Exercise =>
Taking the entries below, transcribe only the lines starting with the one with "Butter by BTS" and going on through the one with "Urban Outfitters Bdg", exactly as written, without the pictures.
Segment Start: Source data
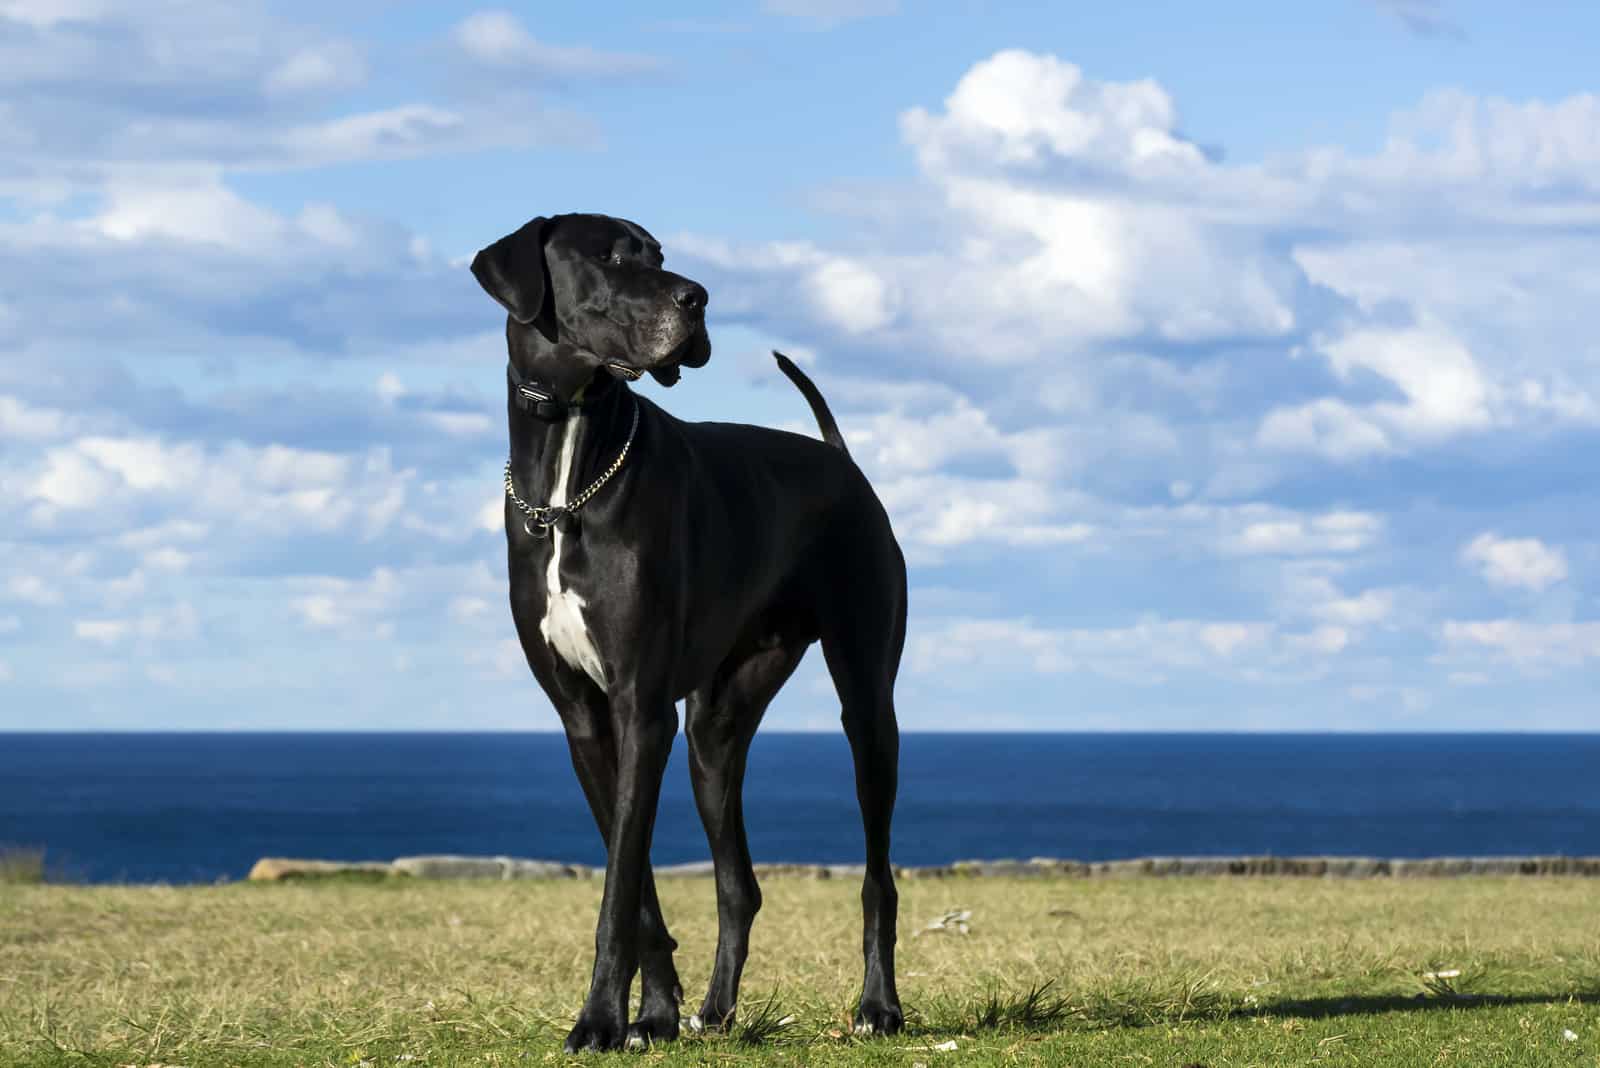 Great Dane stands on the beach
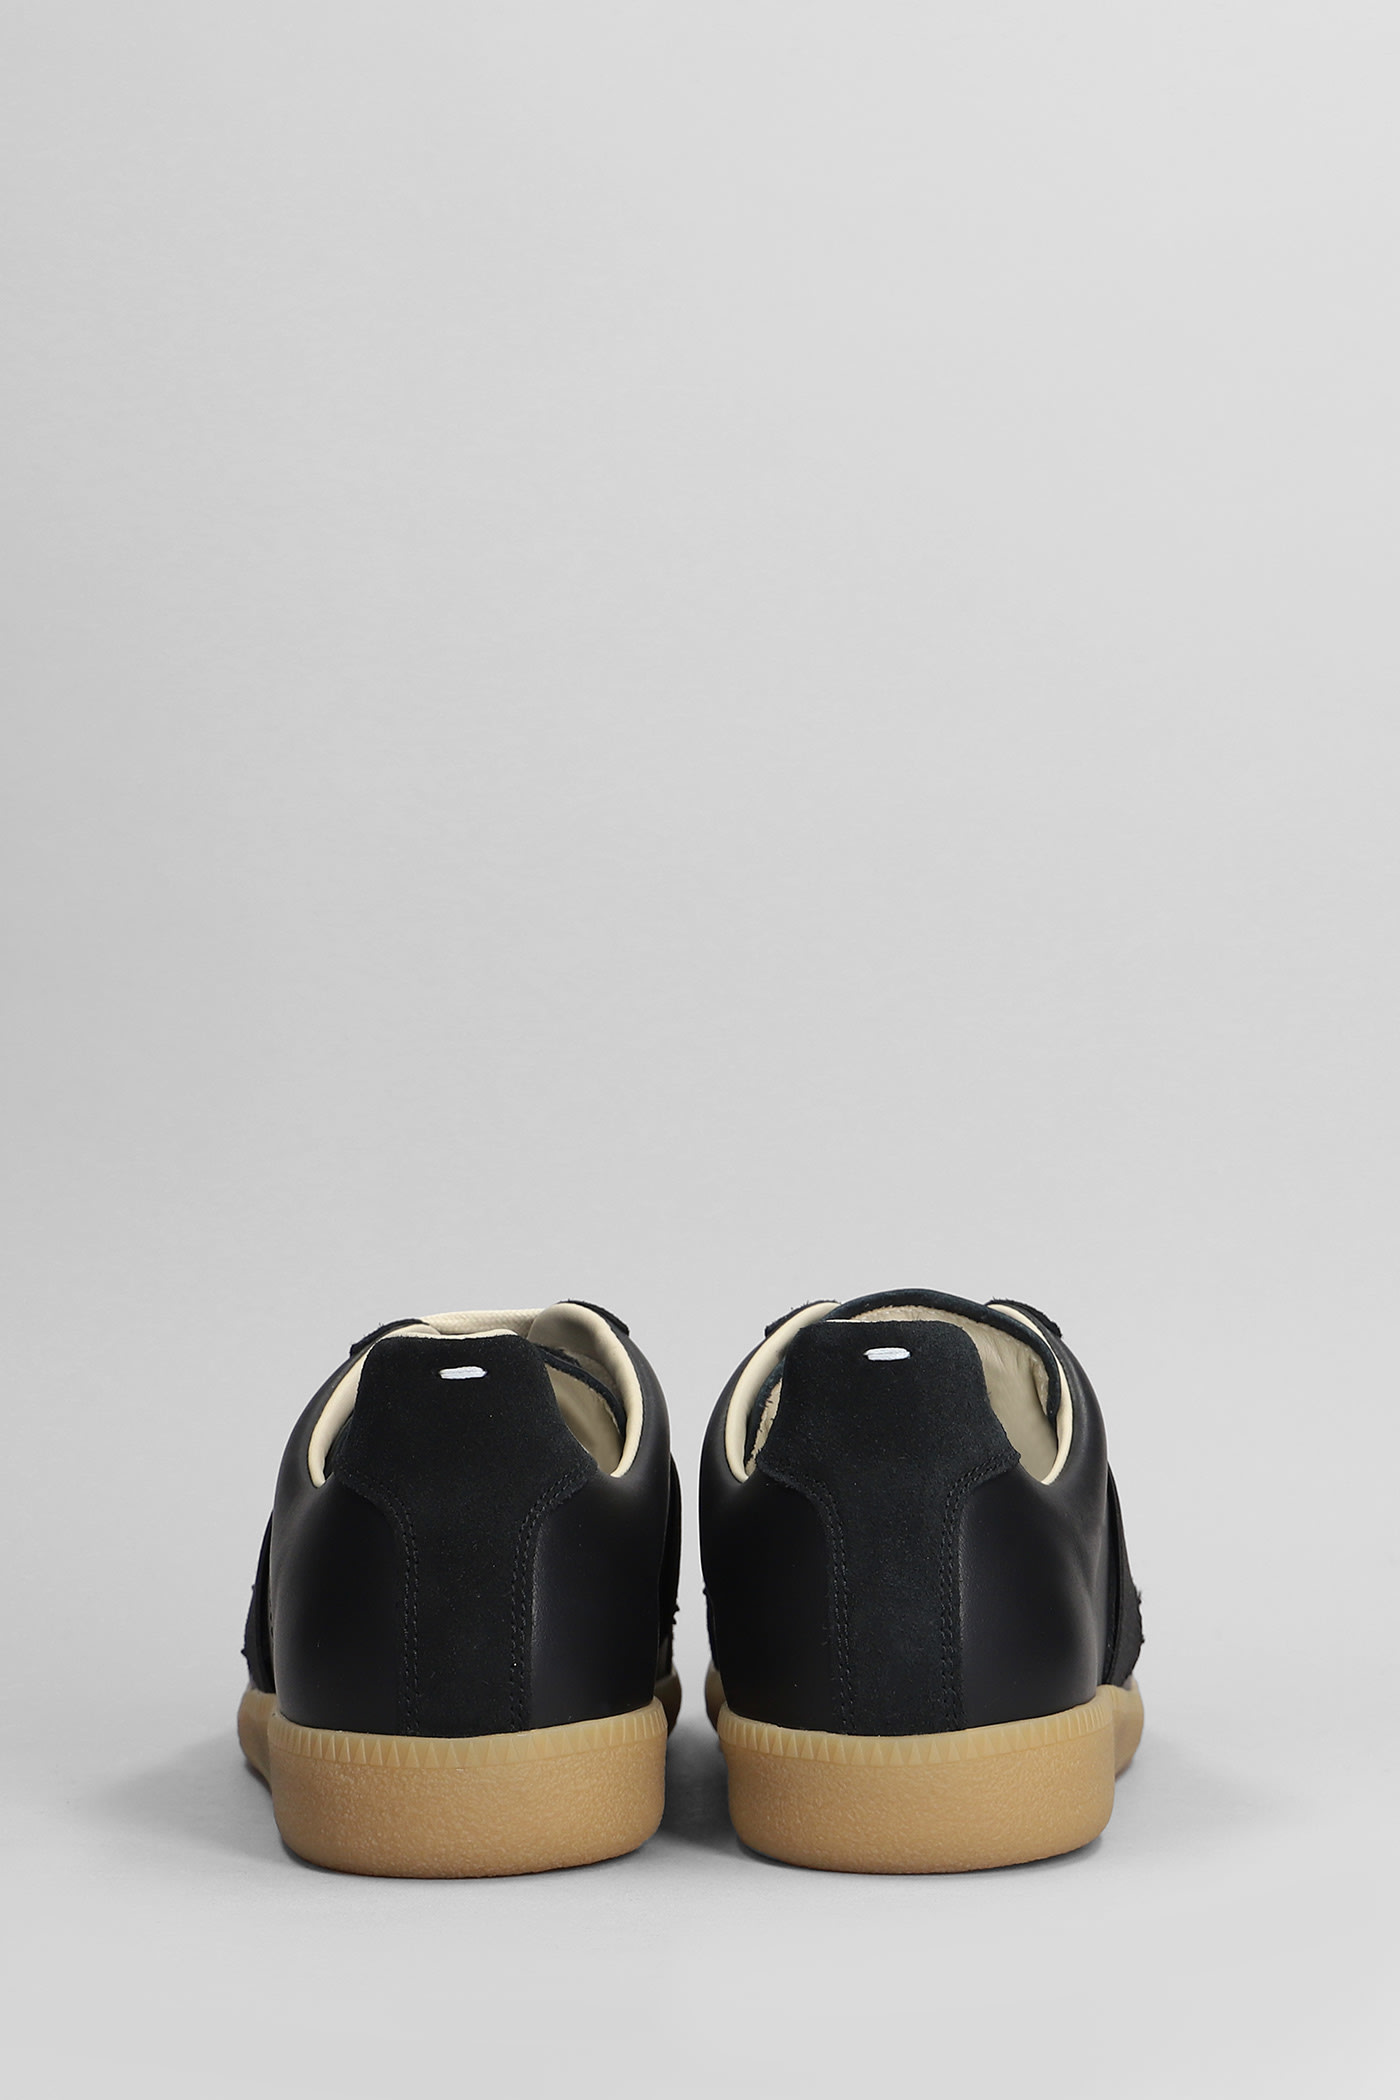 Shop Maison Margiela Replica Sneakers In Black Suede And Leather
Segment End: Source data
Segment Start: Source data
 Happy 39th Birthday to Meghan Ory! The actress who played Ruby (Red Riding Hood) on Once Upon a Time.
Segment End: Source data
Segment Start: Source data
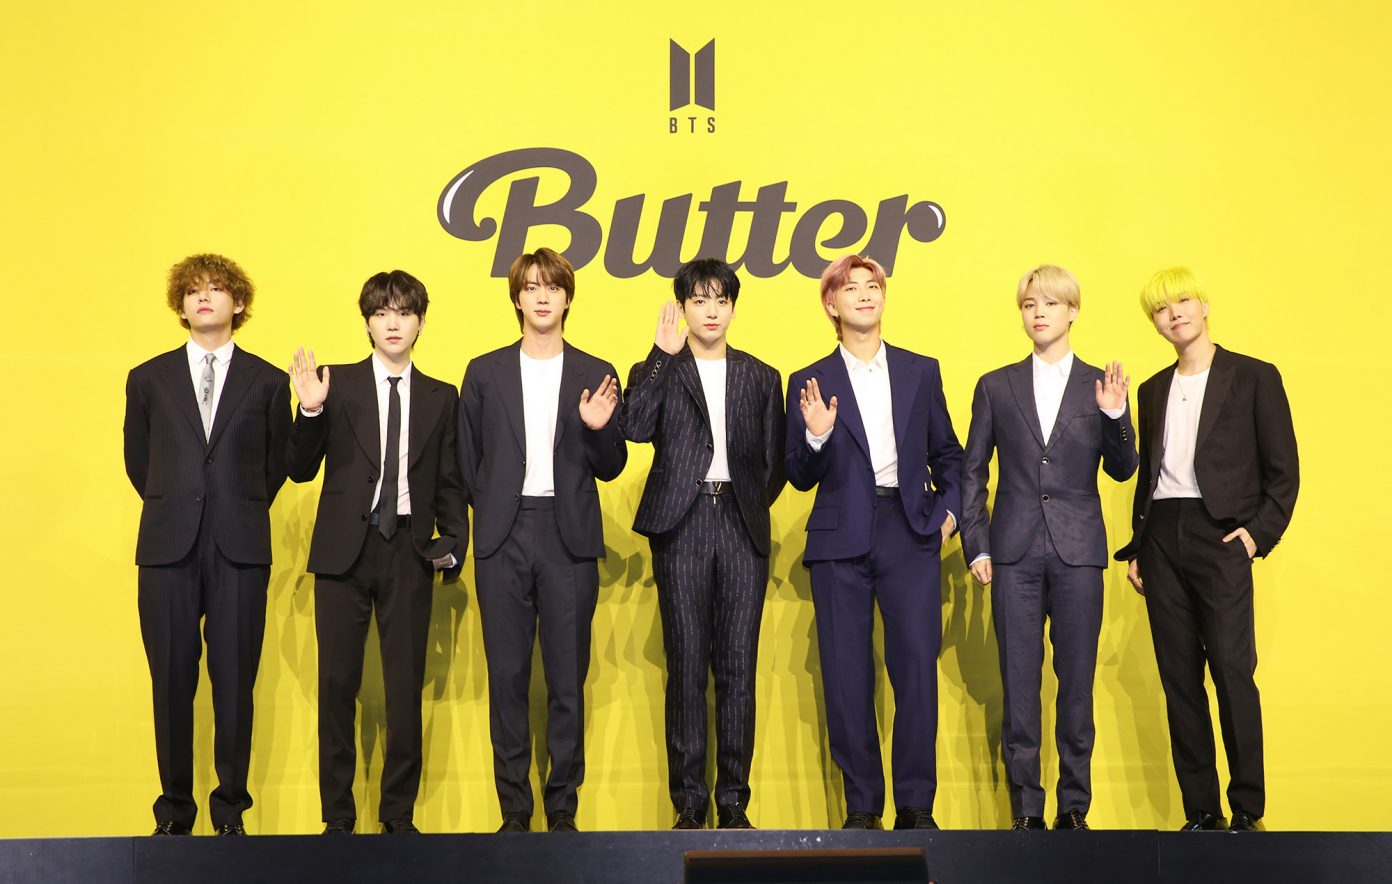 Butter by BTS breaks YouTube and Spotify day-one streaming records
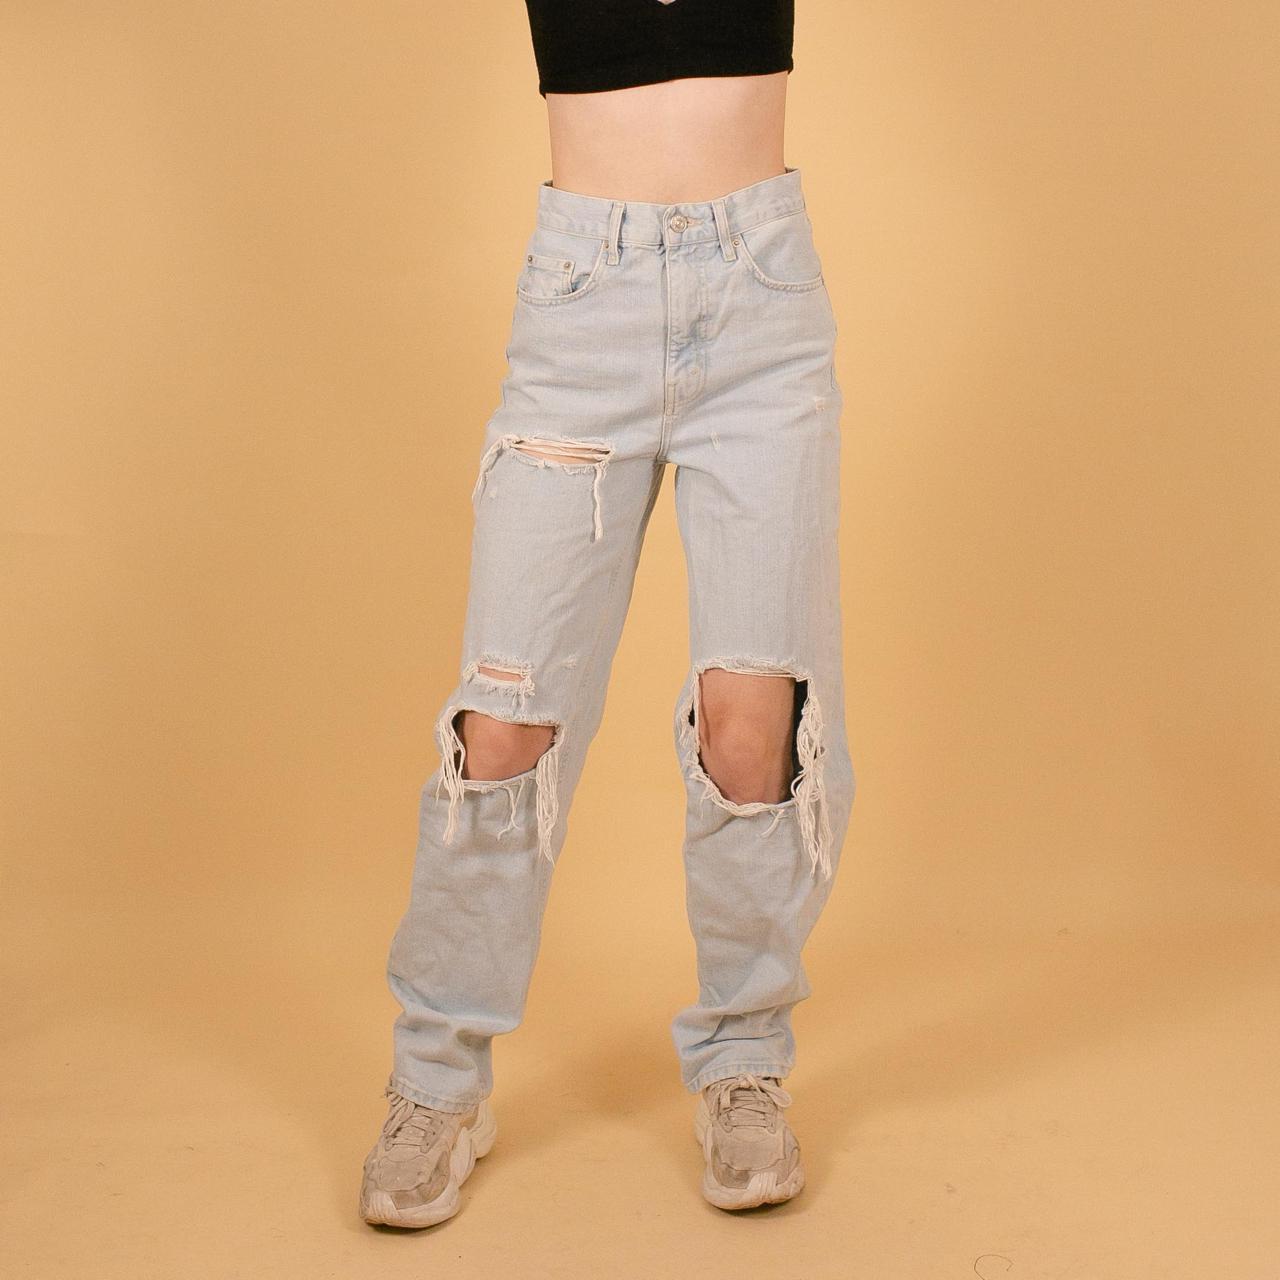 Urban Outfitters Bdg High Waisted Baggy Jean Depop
Segment End: Source data
Task answer =>
 Butter by BTS breaks YouTube and Spotify day-one streaming records
 Urban Outfitters Bdg High Waisted Baggy Jean Depop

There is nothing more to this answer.